ABD ise enerji açısından daha bağımsız bir konumda olduğu için bu krizde nispeten daha az etkilenecek bir pozisyonda. Ancak Avrupa ve Asya ülkeleri, enerji fiyatlarındaki yükselişten ciddi şekilde etkilenebilir.
Enflasyonist Baskılar Yeniden Yükseliyor
Dr. Bağış, böyle bir kriz durumunda küresel ticaret ve enerji arzının ciddi şekilde kesintiye uğrayacağını öngörüyor. Bu da petrol fiyatlarında sert artışlara neden olurken, aynı zamanda enflasyon ve stagflasyon risklerini artırabilir. Enerji fiyatlarındaki yükseliş, maliyet baskılarını tetikleyerek dünya genelinde ekonomik durgunluğa yol açabilir.
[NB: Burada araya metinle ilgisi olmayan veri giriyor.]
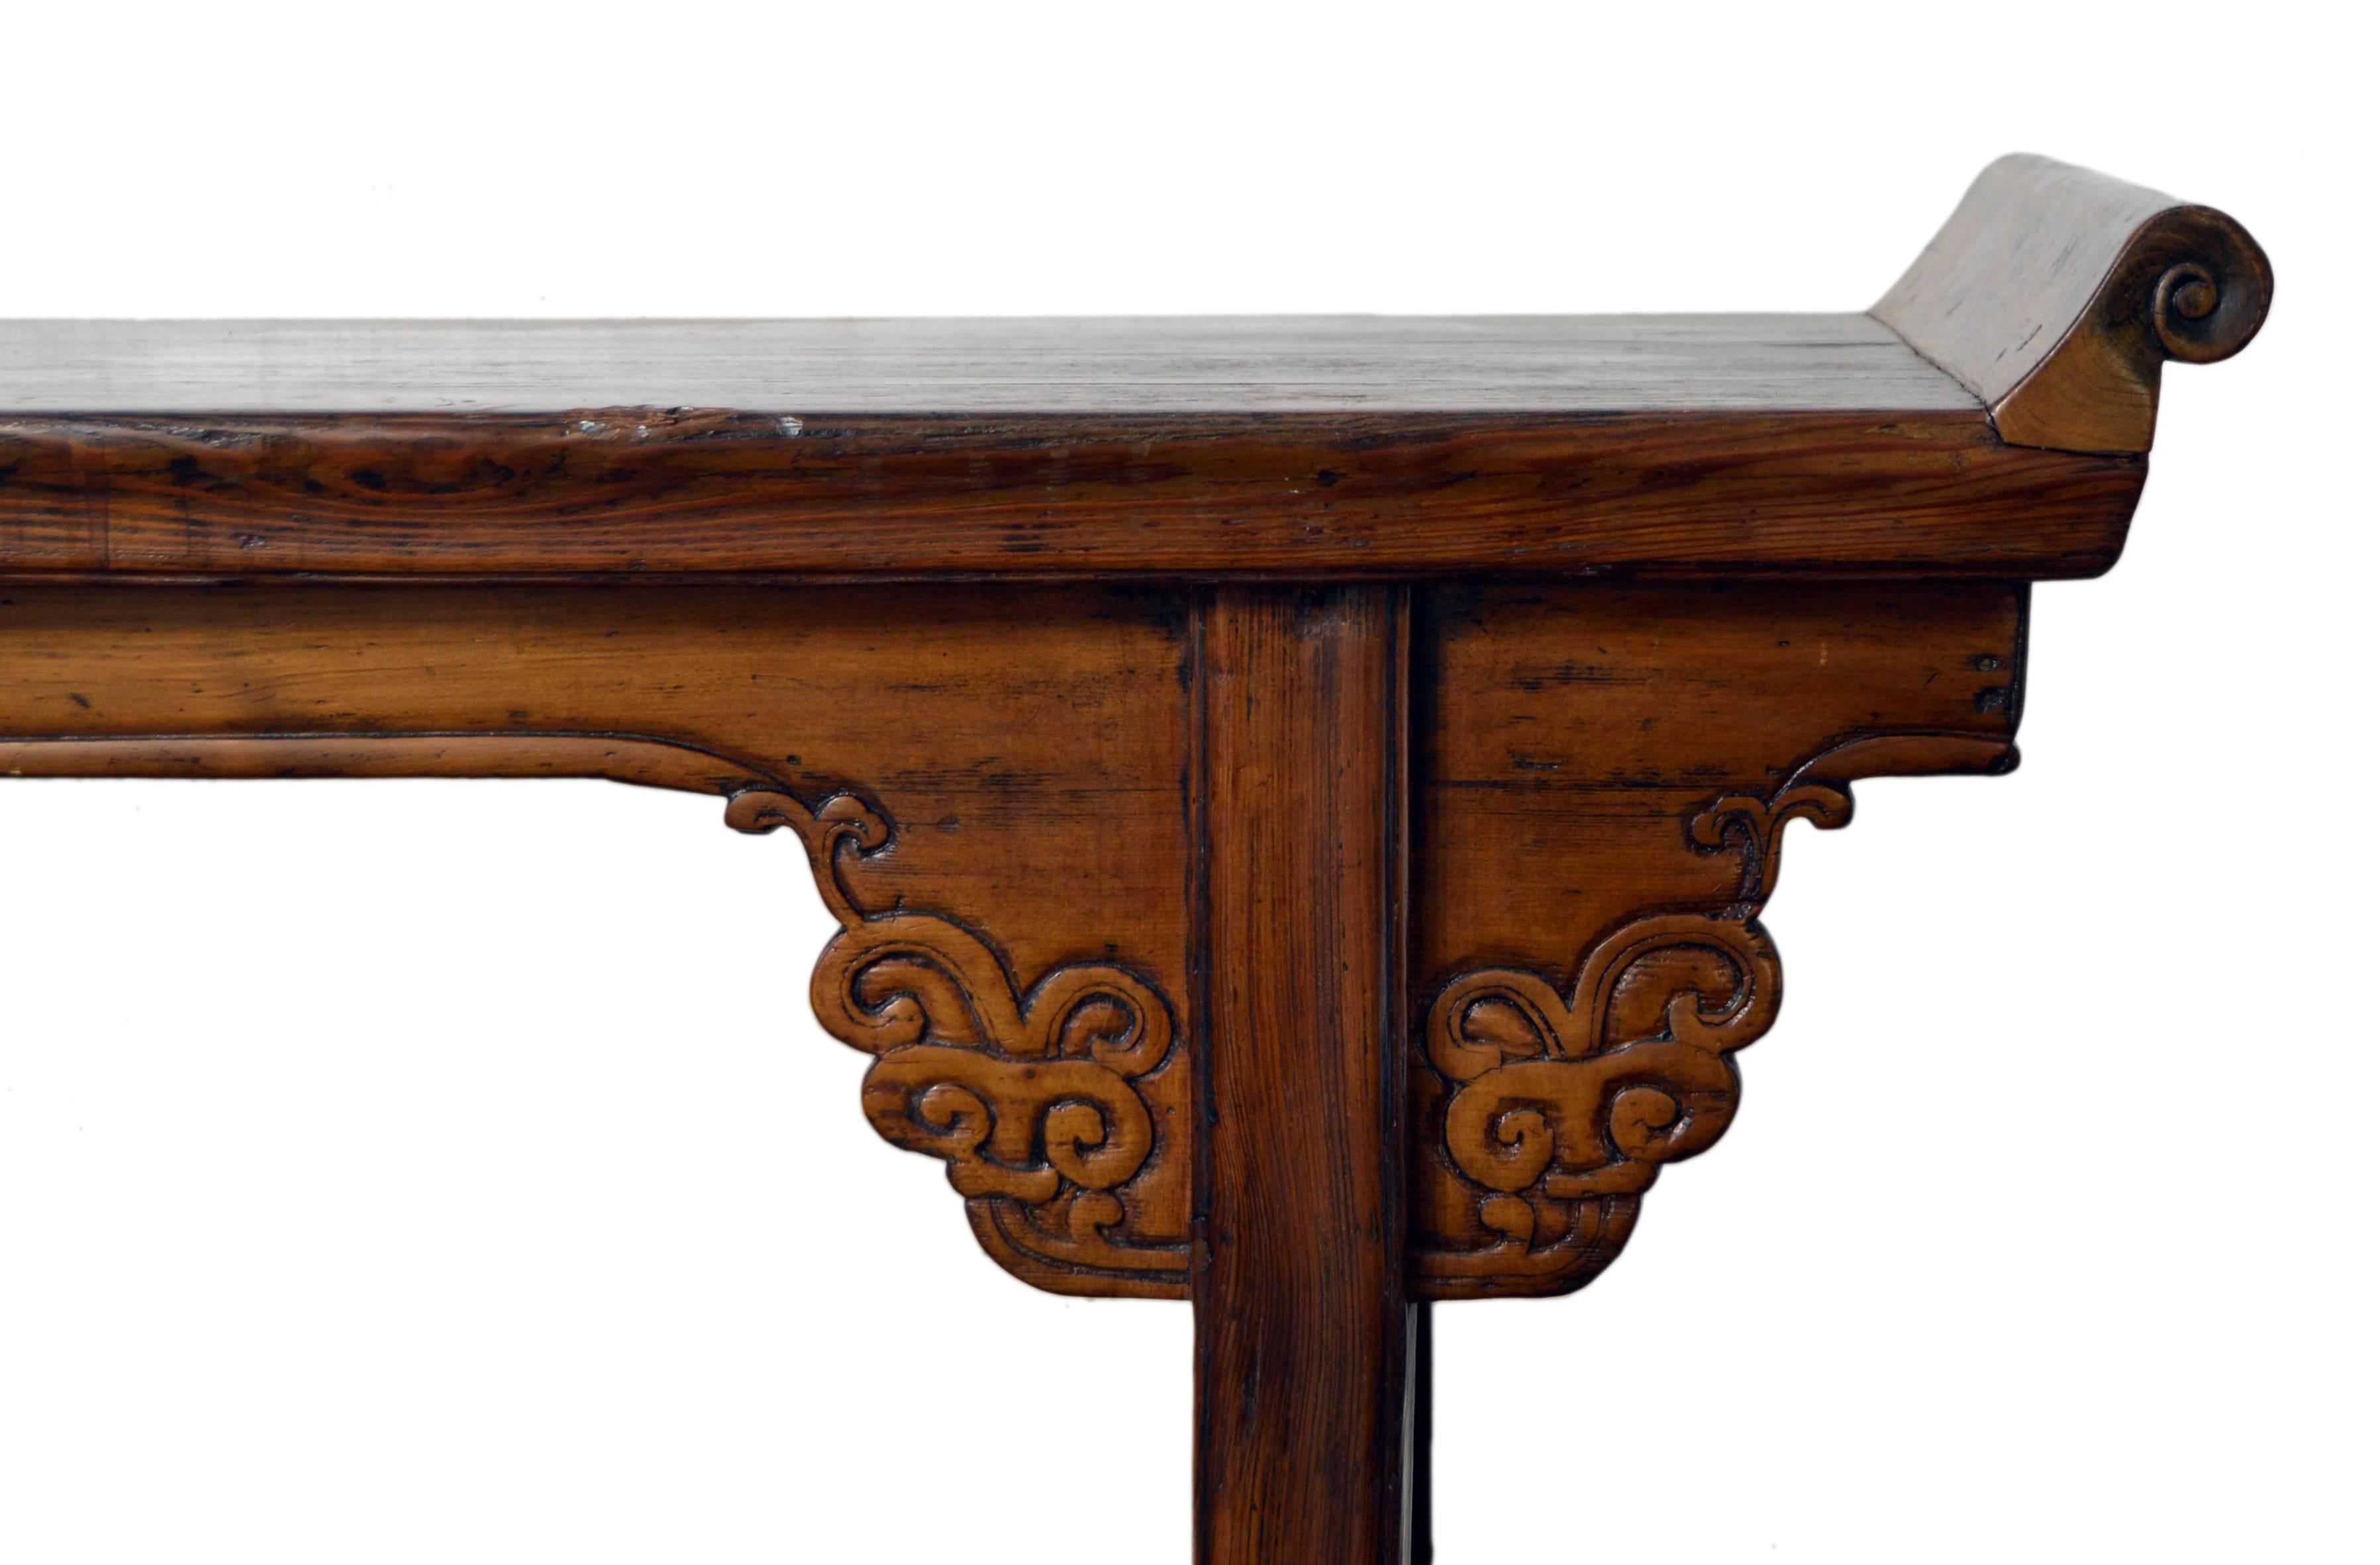 An antique Chinese wooden everted-flange altar console table from the 19th century with hand-carved scrolling motifs. This narrow Chinese altar table features a rectangular planked top, flanked with exquisite everted scrolling flanges. Our eye is

Bağış ayrıca, enerji kaynaklarına yönelik saldırıların, parasal genişleme politikaları ile birleşmesi durumunda, enflasyonist baskıların yeniden artabileceğini belirtiyor. Bu durum, özellikle Japonya gibi ülkelerde finansal istikrara zarar verebilir.
Ulusal Para Birimlerine Etkisi
Olası bir enerji krizi, uluslararası piyasalarda güvenli limanlara olan talebi artırırken, ulusal para birimlerinde değer kaybına yol açabilir. Dr. Bağış, bu sürecin merkez bankalarının faiz politikalarını sıkılaştırmasına neden olacağını ve küresel ekonomik büyüme üzerindeki baskıyı artıracağını belirtiyor.
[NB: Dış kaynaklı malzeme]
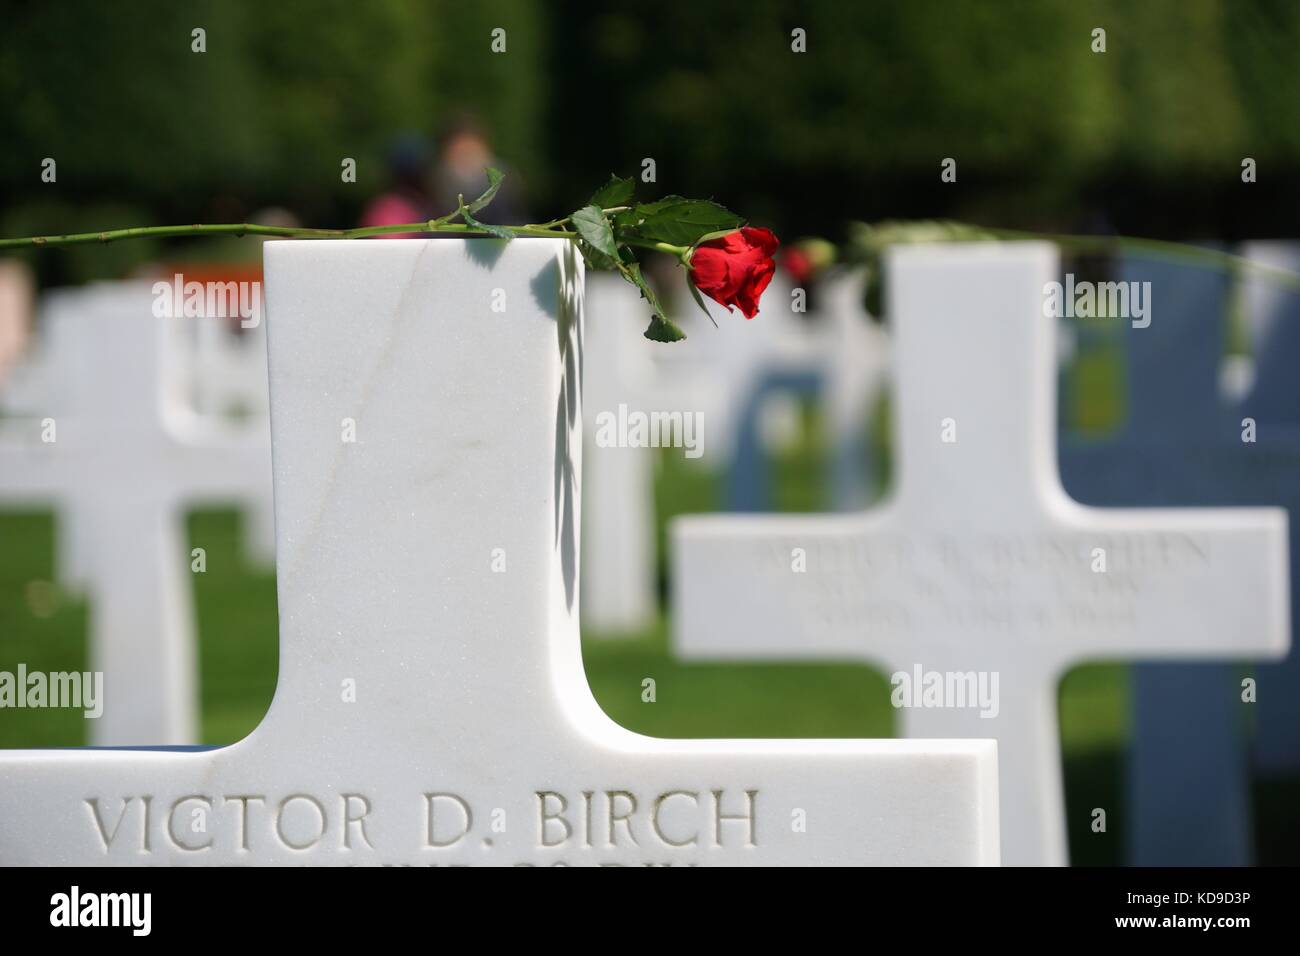 world war 2 memorial white crosses decorated with red rose on grass and trees in background Stock Photo

İsrail ile İran arasında artan misilleme tehdidi, sadece bölgesel bir kriz olmanın ötesine geçerek, küresel petrol piyasalarını, ticaret zincirlerini ve dünya ekonomisini ciddi şekilde etkileyebilir. Enerji fiyatlarındaki ani artışlar, enflasyonist baskıları artırırken, dünya ekonomisinde derin bir durgunluk riskini de beraberinde getirebilir. İsrail’in İran’a olası saldırısı, küresel enerji arzını sekteye uğratabilir ve bu da özellikle Avrupa ve Asya’da ekonomik krizleri tetikleyebilir.